As those who work with botanicals know, the jump from idea to finished extract takes more than a recipe. It requires an honest look at every step. Most manufacturers use high heat or aggressive solvents that damage the delicate compounds naturally present in female-focused plants. This time, our process preserves volatile oils and flavonoids that rarely survive standard, high-yield extraction runs. We run a staged, temperature-controlled percolation—sometimes slowing batches by twelve hours—because after years on the line, we understand that time is one of the few ways to coax full spectrum character from botanicals traditionally used to support women’s health.
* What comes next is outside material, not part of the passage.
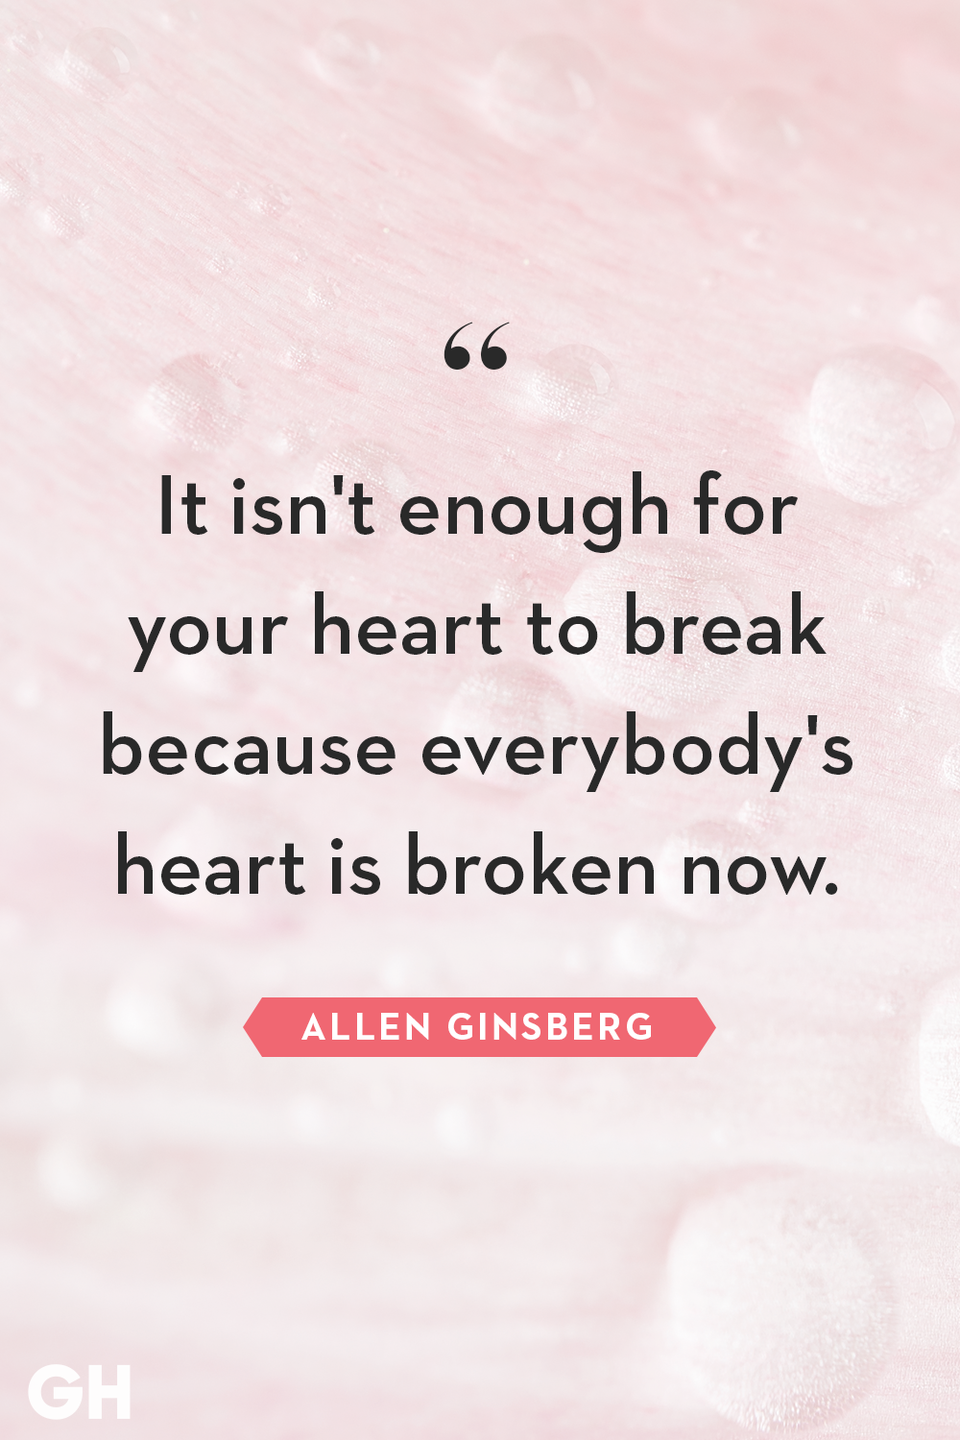 <p>It isn't enough for your heart to break because everybody's heart is broken now.</p>

Compared to quick-turnaround methods, the difference can be seen in the extract’s dense golden hue and is well supported by chromatography profiles we review in-house.
Our practical experience tells us that specification numbers aren’t just for spreadsheets—they mean something tangible. The AWX-401 extract reaches a finished concentration of 14.2 mg/ml total phytohormones, yielding a robust content of naturally occurring lignans, along with beta-sitosterol, coumarins, and a measured dose of estragole. Each lot is tested not just for content, but for absence of common adulterants. We reject batches that fall short of strict thresholds for residual solvents, heavy metals (under 0.2 ppm for lead, no detectable cadmium or arsenic), and pesticide residues—something that only comes from years of failed crops and ruined shipments in the early days.
Our extract is delivered in dark amber glass bottles to protect against light degradation. Field data has shown the compound’s active content declines by around 27% after ninety days in clear containers; we switched packaging five years ago and have never looked back. Having dealt with failed shelf-life tests in the past, we treat every shipment as if it were our own supply, not just a commodity shipment to cross off the order book.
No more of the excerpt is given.